Rediscovering the RSync Algorithm
Posted: February 14, 2012 Filed under: algorithms, OCaml, Programming, Uncategorized | Tags: algorithm, OCaml, optimization, Programming 10 Comments »A:Ok, you’re synchronizing this over the web;
and what do you use for the synchronization?
B: Oh, we implemented the rsync algorithm.
A: uhu. And what do you do with really big files?
B: The same.
A: And you also synchronise folders?
B: Yes.
A: And how do you do that?
B: we iterate over the folder, using the algorithm on every file, recursing over subfolders.
A: Can you try 2 things for me? First, a very large file; and second, a large codebase, and see if it holds.
Introduction
First of all, I am an admirer of the (original) rsync algorithm. (I think) it was a first stab at file synchronization, and it was so good people still implement it today.
But if you don’t understand its strenghts and weaknesses you might be in for a disappointment.
The Problem
You have 2 files, A’ and A that are different but alike. They reside on 2 different locations connected through a network. You want to make A’ identical to A.
The simplest solution is to just copy A, but given the similarity between the two files, there has to be a better way.
Historical Interlude
Networks used to be notoriously bad in the early 90s. Everybody who was transferring archives over large distances instinctively knew about a critical download size.
If the archive was too large, it would take too long, yielding a 100% chance something would go wrong somewhere resulting in an interrupted download. Even if the (up- or) download succeeded, chances were a small part of the file got corrupted, and you had to start over. The two first alleviations to this problem were checksums to detect accidental corruptions, and resumptions (being able to start a download at a certain offset).

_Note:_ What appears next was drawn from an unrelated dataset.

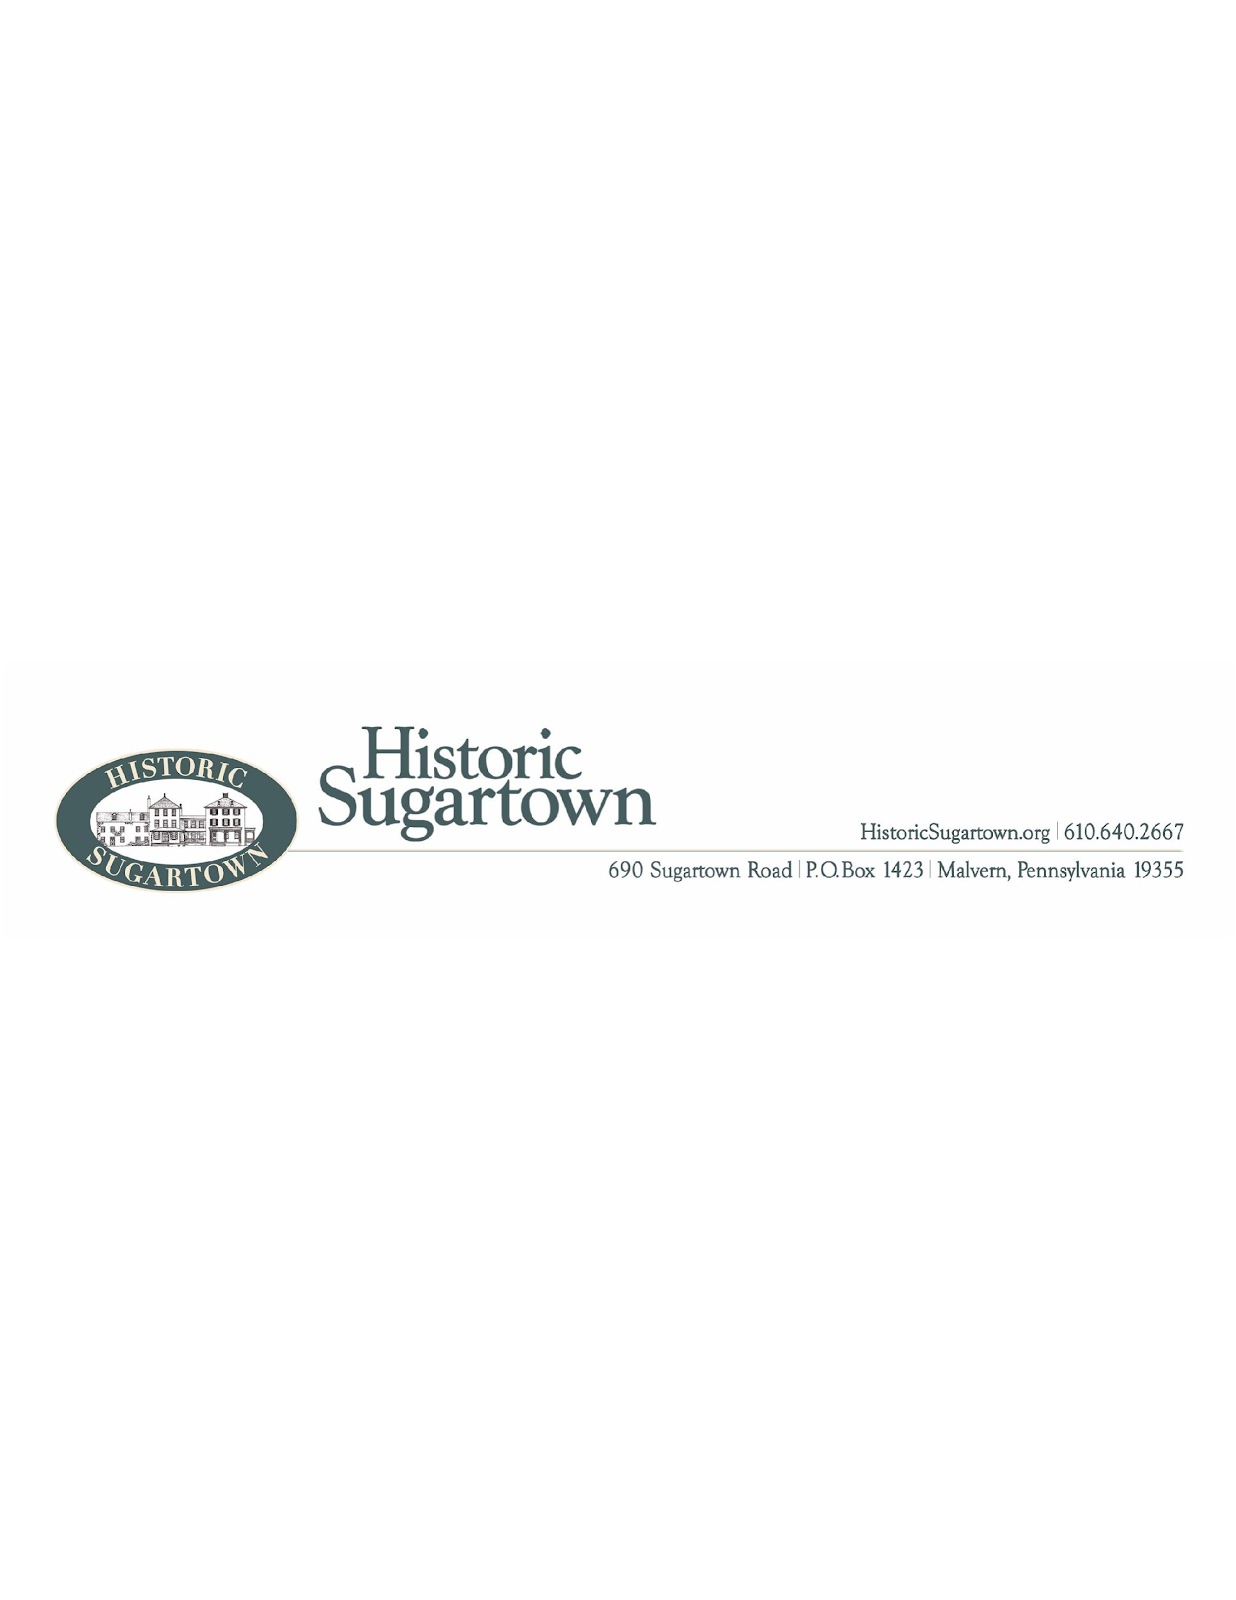 Macintosh HD:Users:HistoricSugartown:Documents:Finance:_HSI Letterhead to hsi.pdf
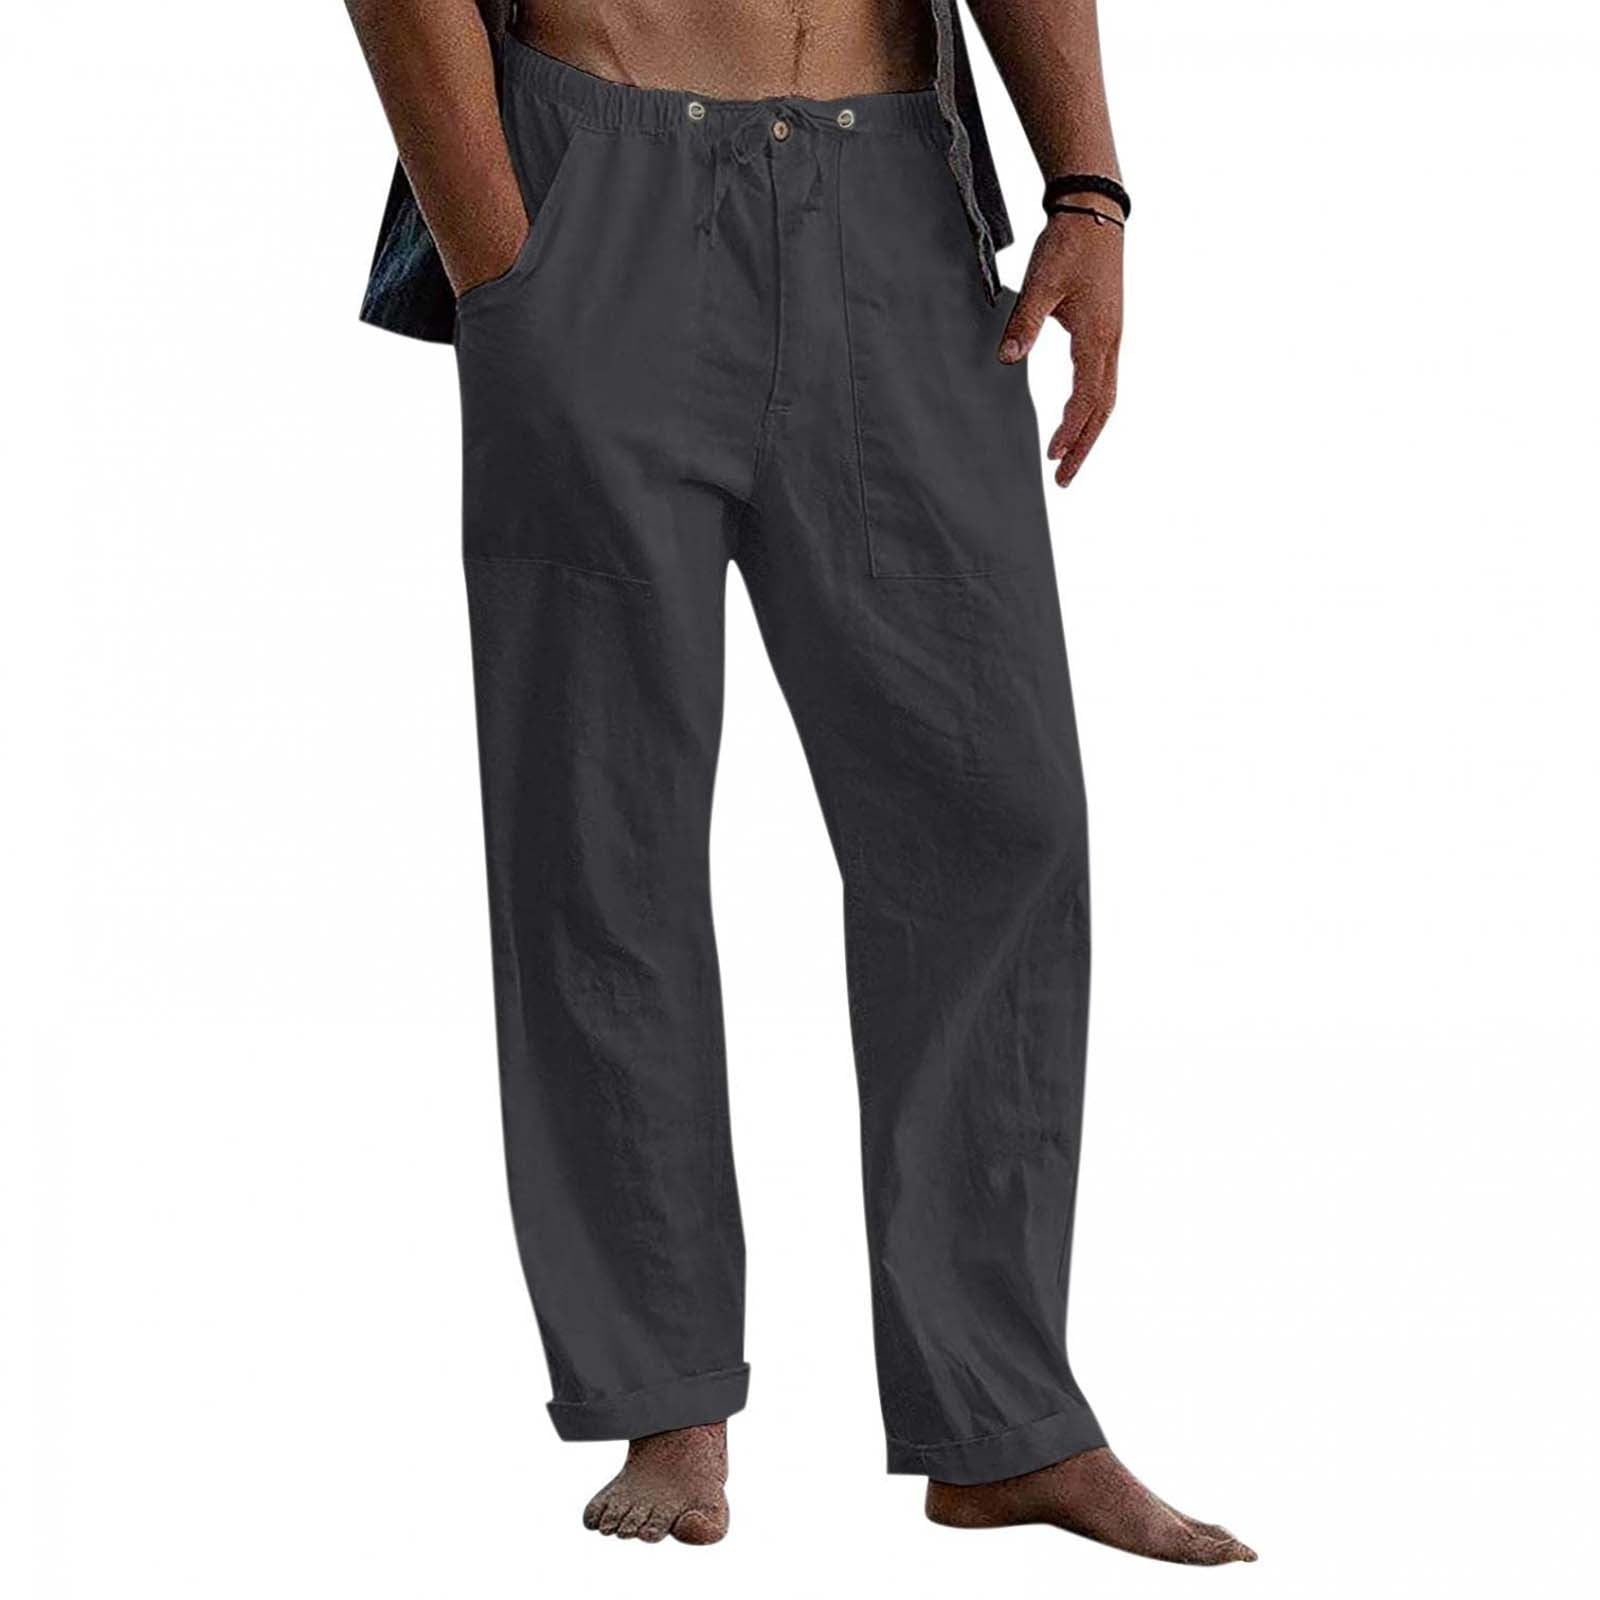 Ayolanni Dark Gray Drawstring Elastic Pants for Men Cotton Carpenter ...

RSync took care of interrupted downloads, and also provided a better solution when your file was corrupt. On top of that, it allowed low cost propagation of small changes, opening up a whole new range of applications. System administrators had a shiny new hammer.
The RSync Strategy
RSync just does a single round trip. First it creates a signature of A’, sends it over. On the other location it scans the local file, tries to find parts that are in the signature, while constructing a recipe as a stream of instructions. It’s possible to derive the algorithm starting from a primitive version, improving it step by step.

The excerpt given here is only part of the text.